The Bessi (/ˈbɛsaɪ/; Βῆσσοι, Bēssoi or Βέσσοι, Béssoi) or Bessae, were a Thracian tribe that inhabited the upper valley of the Hebros and the lands between the Haemus and Rhodope mountain ranges in historical Thrace.

== Geography ==
The exact geographic location of the Bessi is still unclear. According to Herodotus, the Bessi occupied the highest summits of the Satrae in south-western Thrace, while Polybius alludes to the Bessi as having been situated on the plains between the Dentheletae and Odrysians. The geographic extent of the Bessi is further expanded upon by Strabo in his Geographica, where he states that the Bessi inhabited a land beginning near the source of the Hébros and encompassing the highlands between the Haemus and Rhodope mountain ranges that bordered the Paeonians and Illyrian Autariatae and Dardani to the west. Strabo also places the Bessi as bordering the Odrysians and Sapaeans. There are also indications that the Bessi gradually came to settle the lowlands between the Hébros and Tonsus near Philippopolis and modern Pazardzhik, consequently expanding eastwards near Beroe.

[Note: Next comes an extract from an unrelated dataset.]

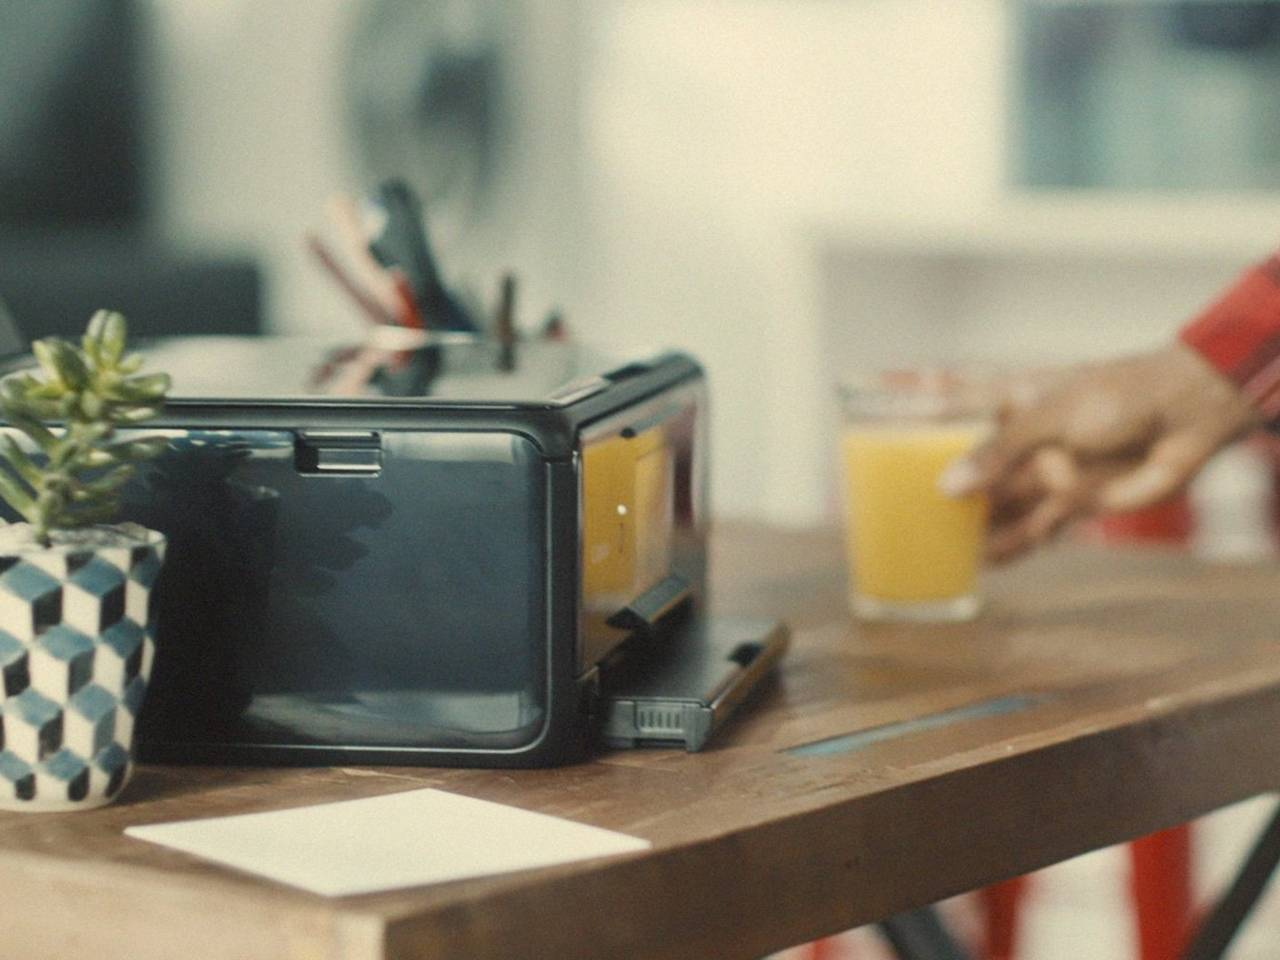 PIXMA_TS_8040 product lifestyle video
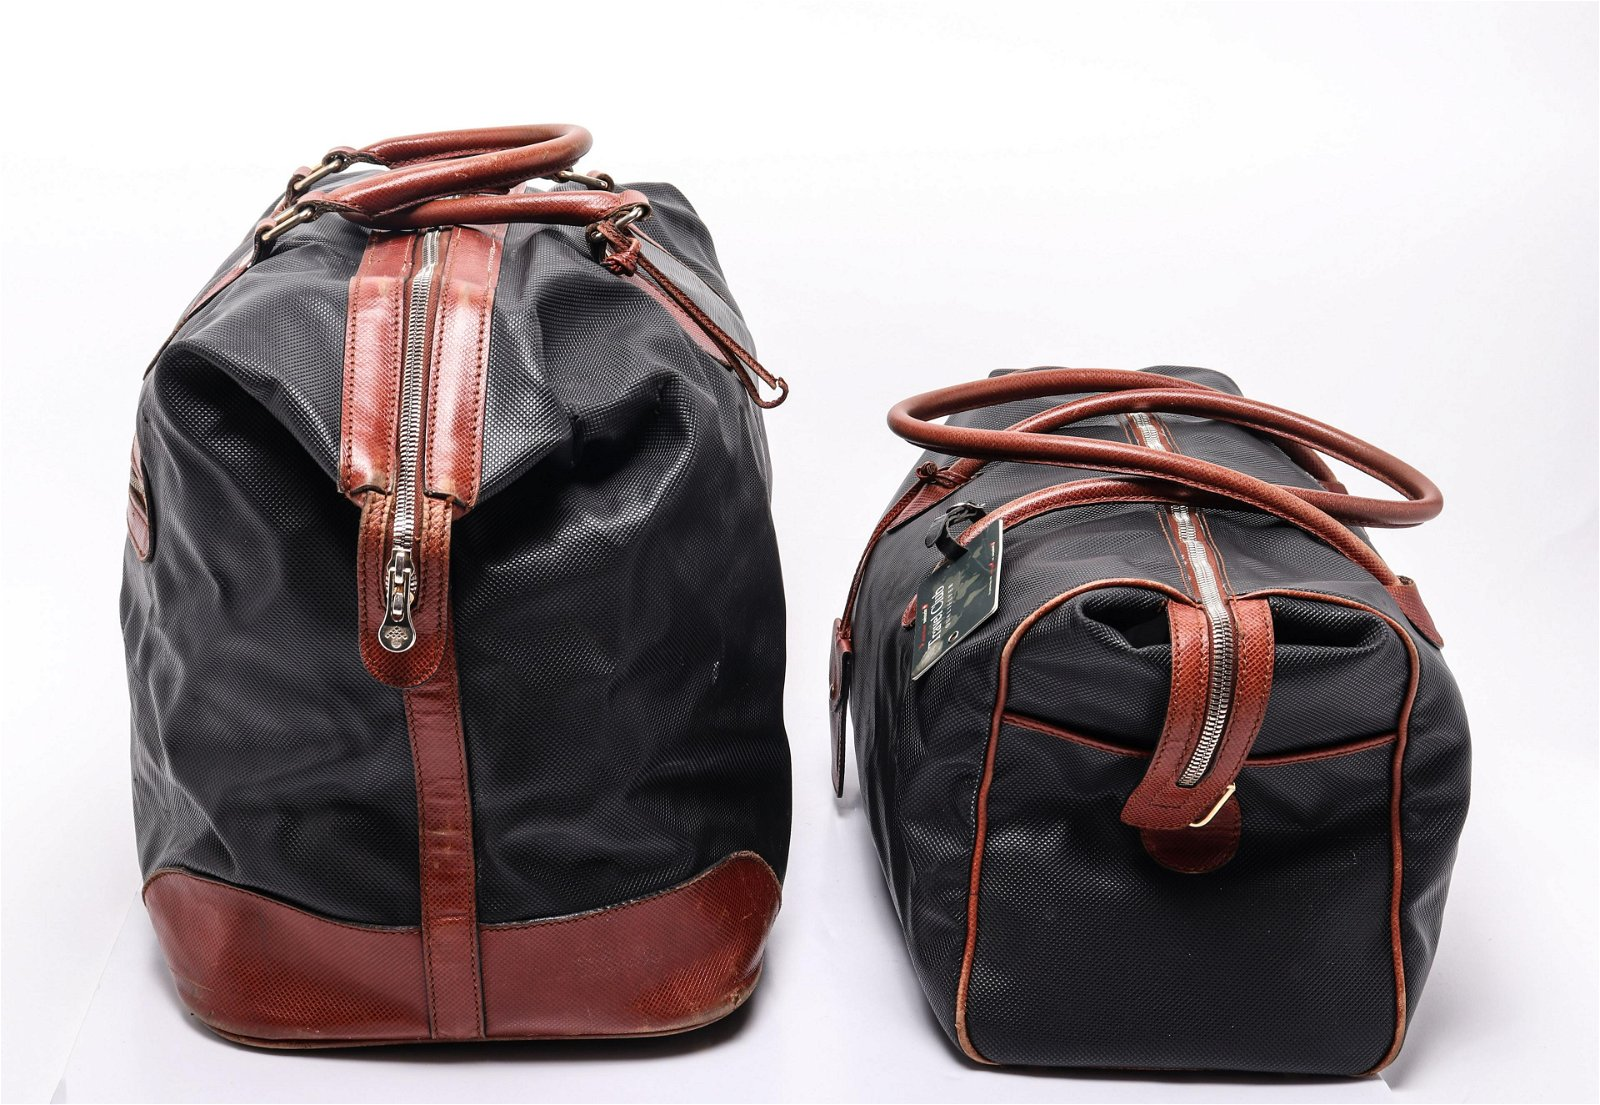 Bottega Veneta Leather Travel Bags / Totes, 2

In light of archaeological and epigraphic evidence, modern scholars have formulated a number of theories on the location of the lands associated with the Bessi during the period of Roman imperialism - known as Bessica. The first major paradigm, originally advanced by Gavril Katsarov, largely coincided with ancient accounts although was later expanded by Georgi Mihailov to also coincide with Philippopolis and the surrounding environs located to the east of the Bessi core, as well as including the area around modern Yakoruda to the south. The paradigm would then maintain that, during the reign of Trajan, the territory would come to be administratively incorporated into Philippopolis as a consequence of the emperor's urbanizing projects in Thrace. On the other hand, Margarita Tacheva proposed that Roman Bessica had no civic centre and was based around the Rhodope, Rila, and Strandzha mountains. She then argues that the region was administratively attached to Philippopolis during the reign of Vespasian, later being divided and absorbed into the administrative units of Scupi, Serdica, and Philippopolis under Trajan. While these two paradigms dominate academia, a third theory presented by Peter Delev puts forth that Bessica was centred on the northern foothills of the Rila mountain range and was located outside of the Rhodopes.

== History ==
According to Herodotus, the Bessi were a sub-tribe or branch of the Satrae intimately tied to the cult of Dionysus and responsible for interpreting the prophetic utterances of the prophetess at the deity's sanctuary, located on the highest summits of the land inhabited by the tribe. This prophetic role of the Bessi in the cult has led many scholars to suggest that they may have initially represented a priestly-caste within the greater Satrae tribal group, and that membership into the community was intrinsically entwined with their cultic role and maintenance of the sanctuary of Dionysus.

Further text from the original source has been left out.